*The problem:*
Would you repeat the listing exactly, without any of its images?

*Source material:*
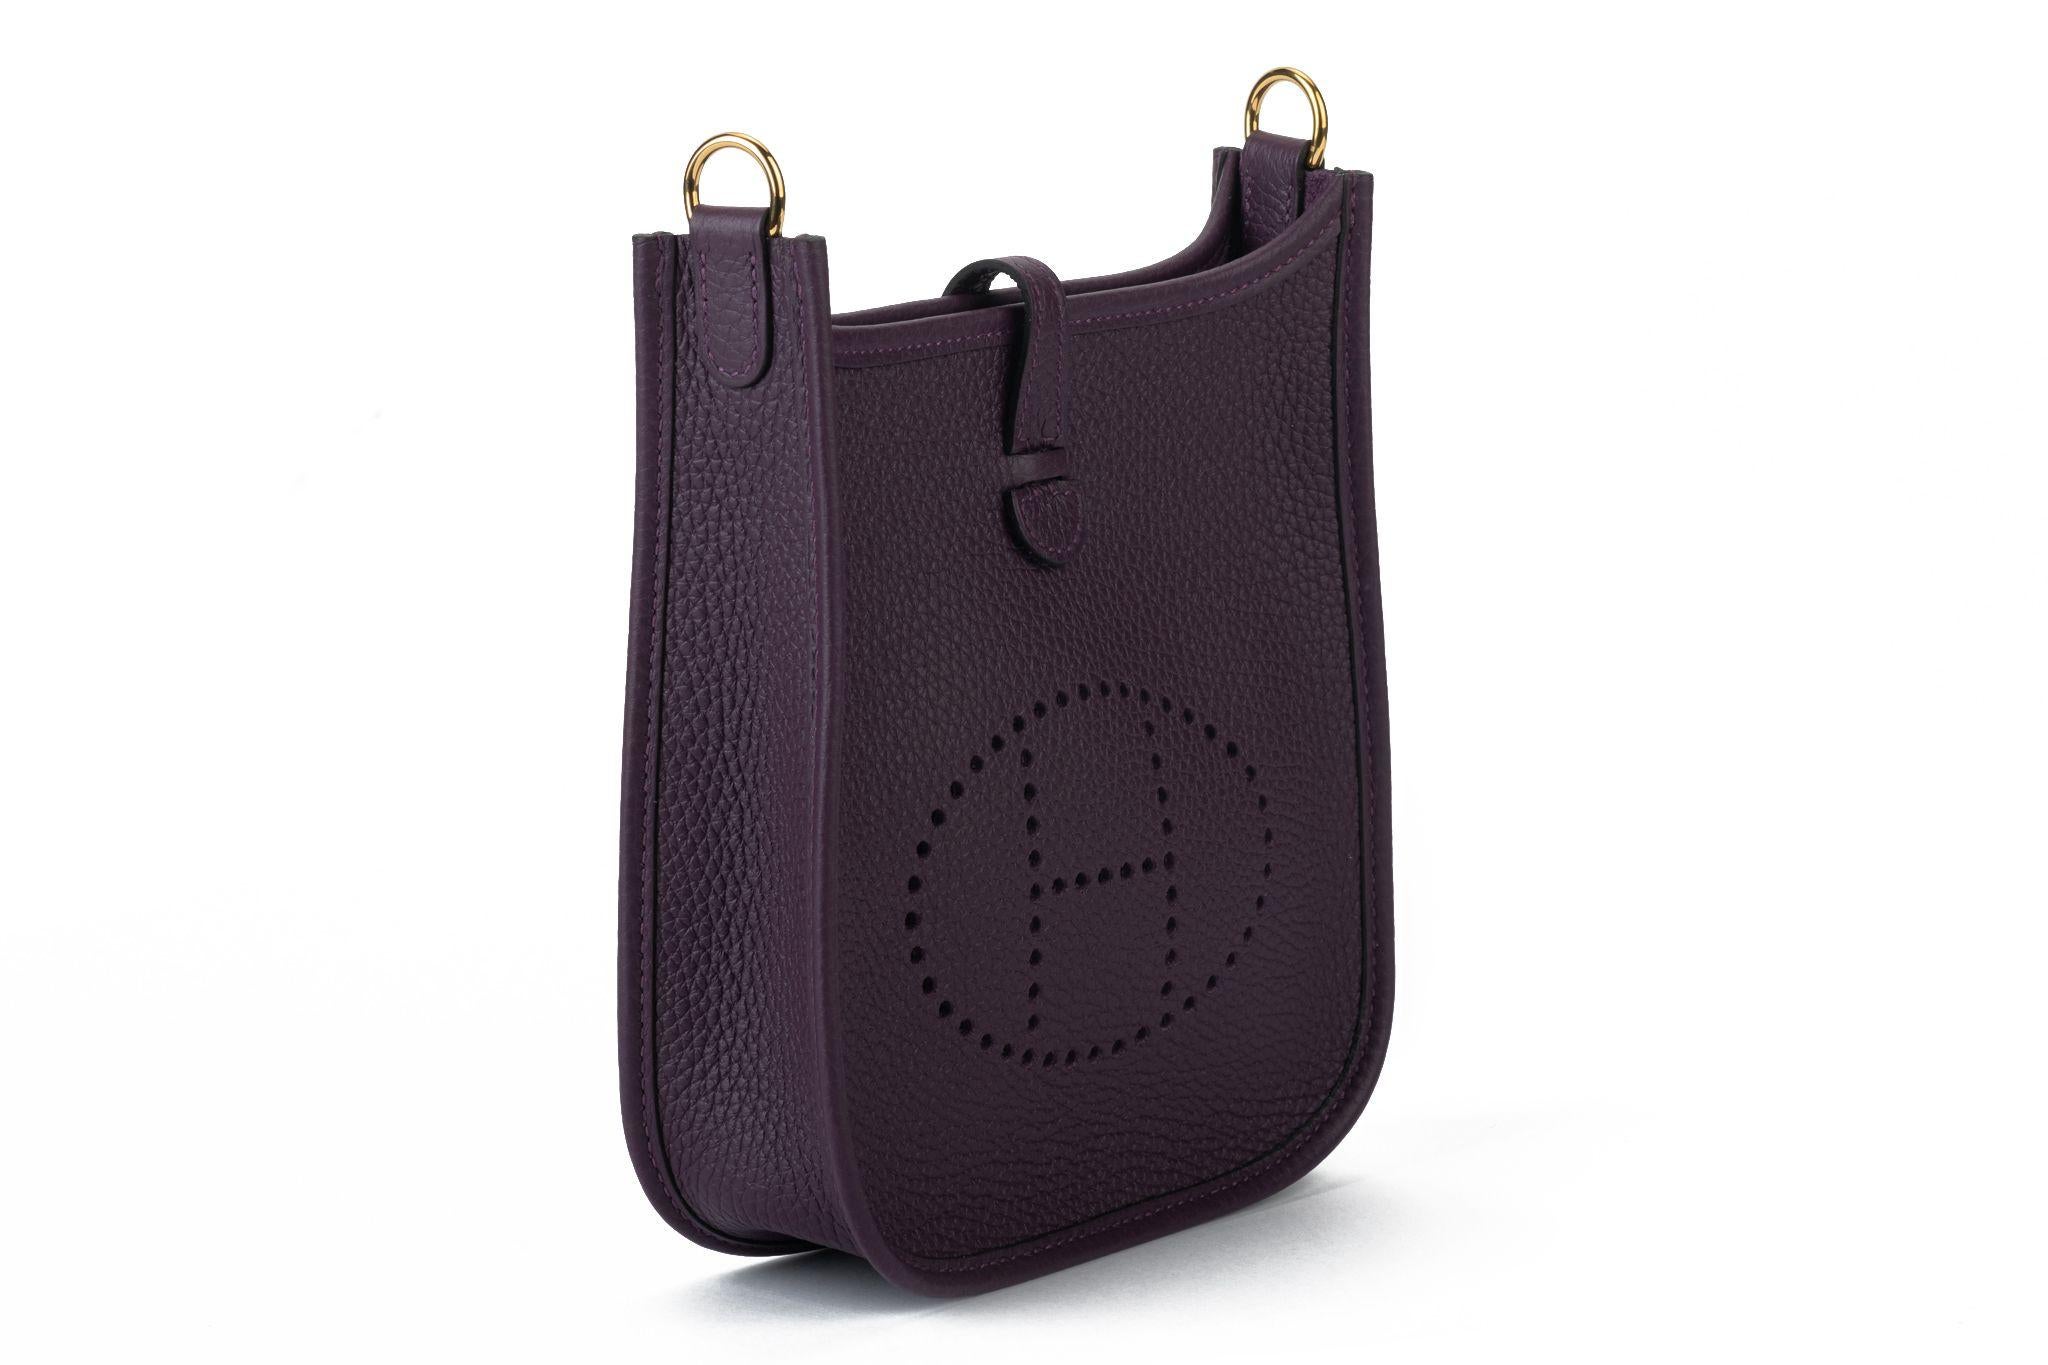 Hermès Marke neu in Box Cassis Clemence Leder Cross Body Bag mit Goldton Hardware. Datumsstempel U für 2022. Kommt mit kleinem und großem Schutzumschlag, Booklet, Box.
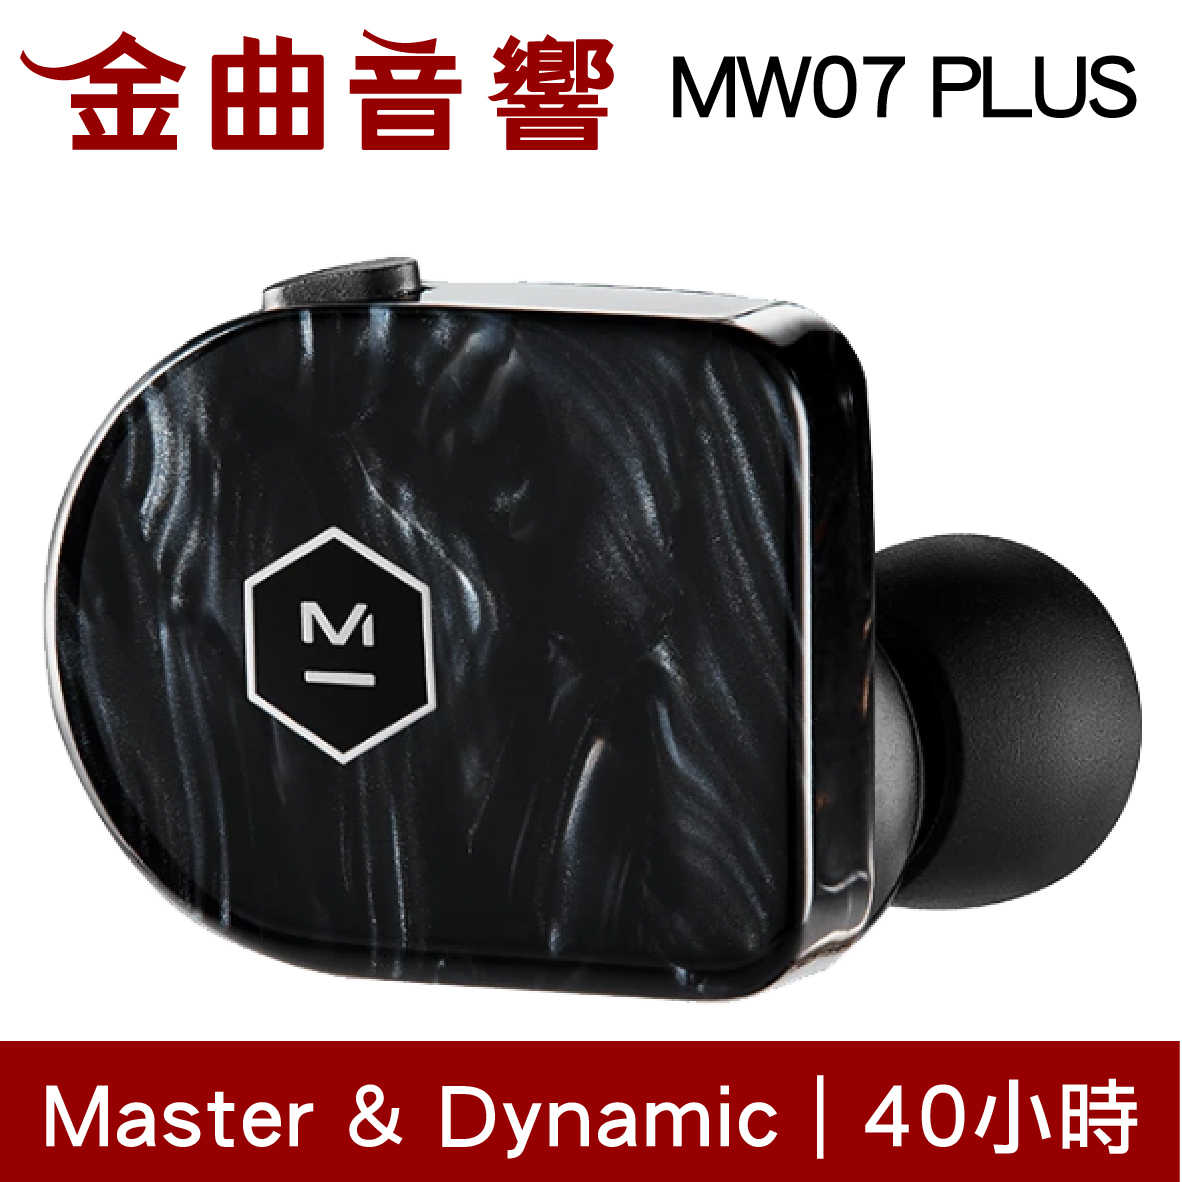 【福利機Ａ組】Master & Dynamic MW07 PLUS 石英黑 真無線耳機 | 金曲音響
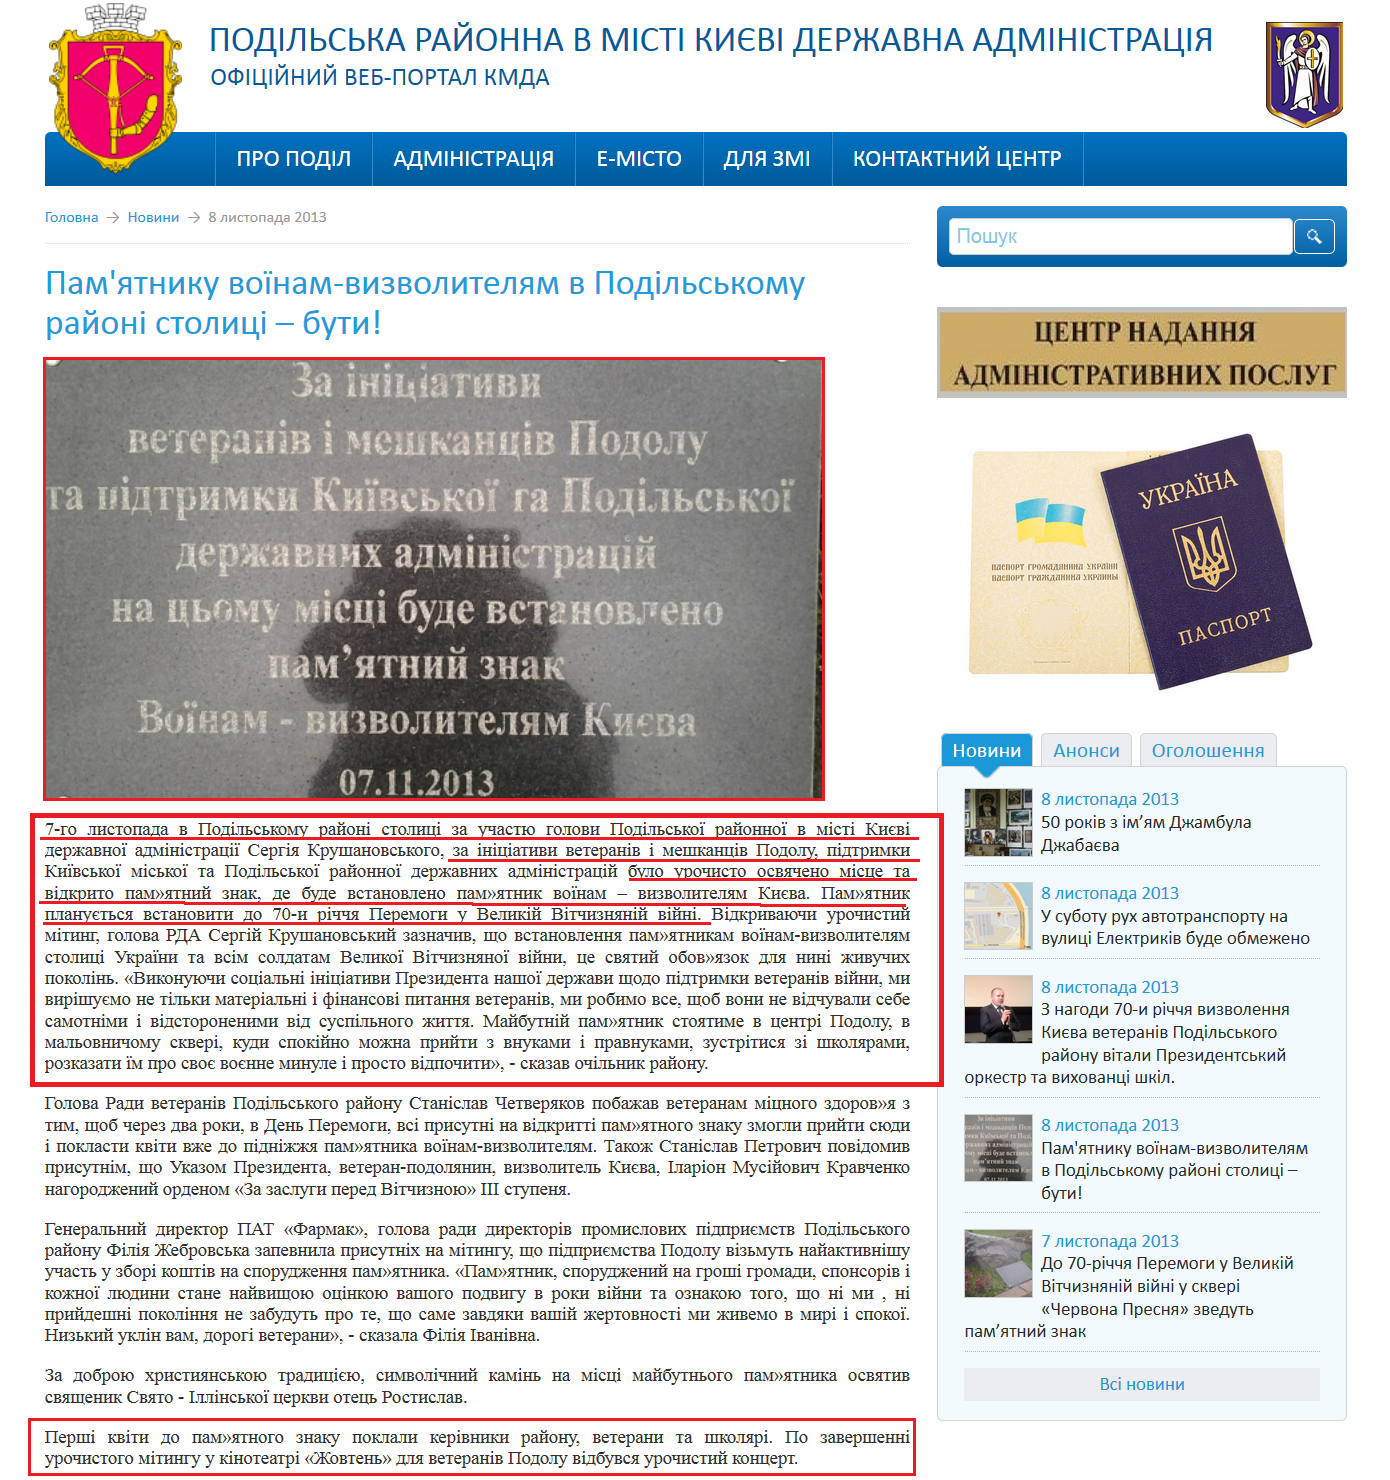 http://podil.kievcity.gov.ua/news/552.html

*Problem solution:*
 Hermès Marke neu in Box Cassis Clemence Leder Cross Body Bag mit Goldton Hardware. Datumsstempel U für 2022. Kommt mit kleinem und großem Schutzumschlag, Booklet, Box.
 【福利機Ａ組】Master & Dynamic MW07 PLUS 石英黑 真無線耳機 | 金曲音響
 http://podil.kievcity.gov.ua/news/552.html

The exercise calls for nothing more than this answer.